Рональд фыркнул и забросил ногу на ногу. «Наверно, на него теперь тоже наденут эту пробку», – отчего-то подумал Уильям.
– И не судите уж так о тратах, были бы они вашими или нет, – добавила она, с предвкушением клацнув ножницами (несчастный мальчик затрепетал от этого в кресле). – Неужели вам безразличен ваш внешний вид? Неужели вы не хотите выглядеть благополучно?
– Не имею еще таких благ, чтоб волосы завивать кренделями, – парировал Рональд. Женщины возмущенно переглянулись. – Что до моей внешности, то мне и одного указчика хватило. Пускай сперва издадут закон и выпишут бумагу, а после делают со мной и моими доходами, что им вздумается.

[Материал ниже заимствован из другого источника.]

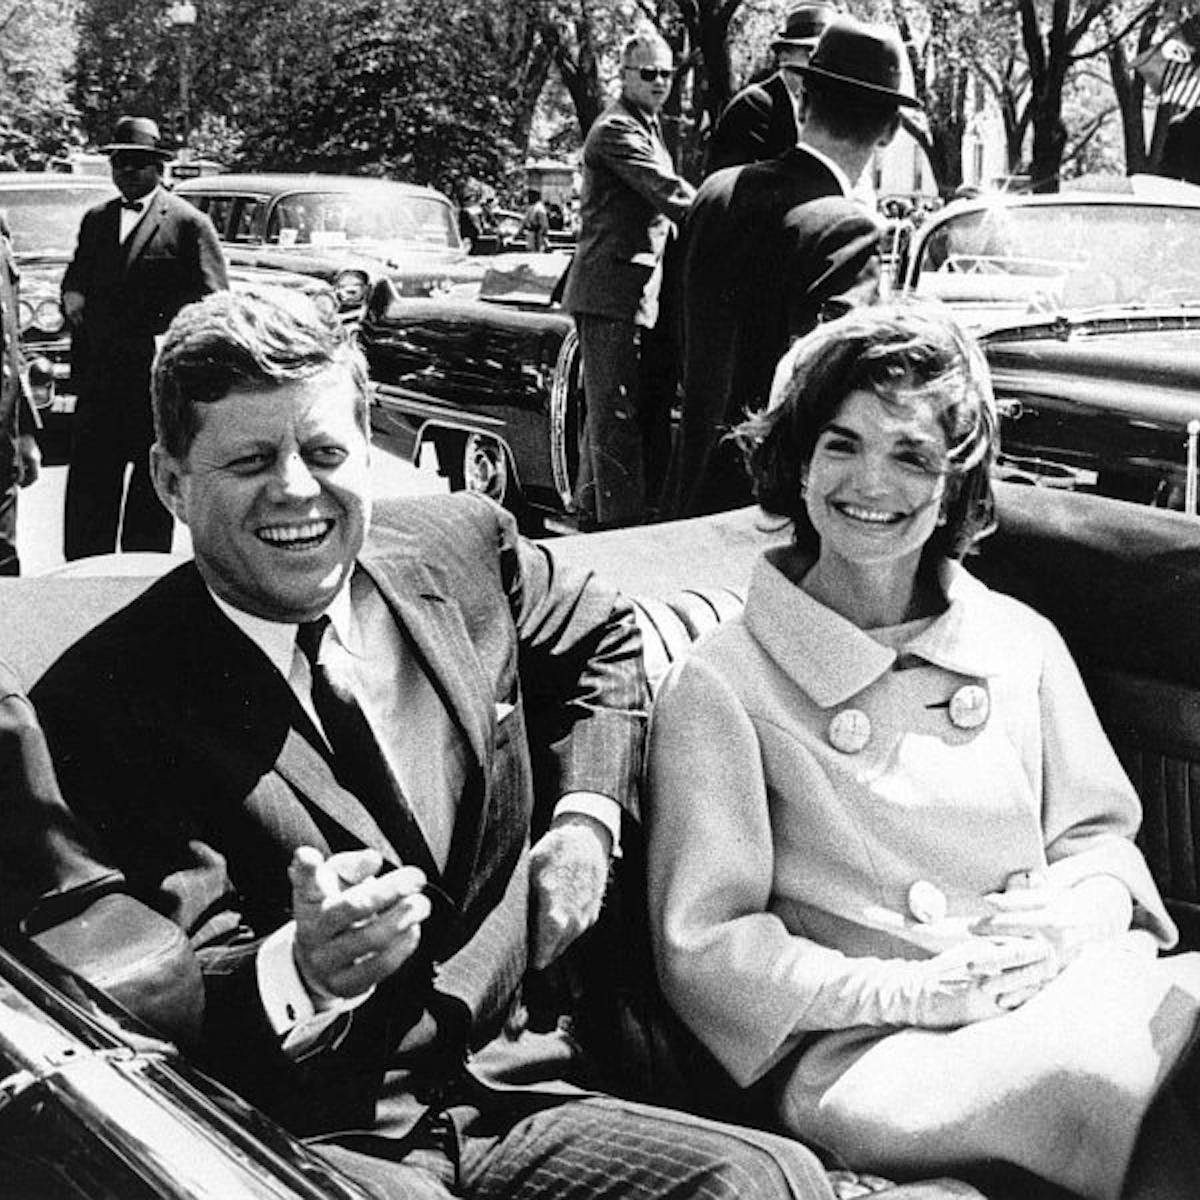 Kennedy john f. Kennedy’s Policies

– Да ты сам подрываешь их этим… размышлением, – вмешалась Мадлен. Между мужем и женой завязалась наконец перебранка – с упоминанием не к месту и не ко времени и Создателей, и неба, и земли, и всех чудовищных глубин Океана. В тот же момент на плечи Уильяма опустилась огромная, резко отдающая не то стиральным средством, не то каким-то особым парфюмом, накидка. Он увидел в отражении яркий рисунок острова: покосившиеся деревья, смятые в складках кусты и внушительно вздымающаяся у берега волна. Фрау Барбойц немедля укротила мятежные воды ребром ладони и повернулась к спорщикам.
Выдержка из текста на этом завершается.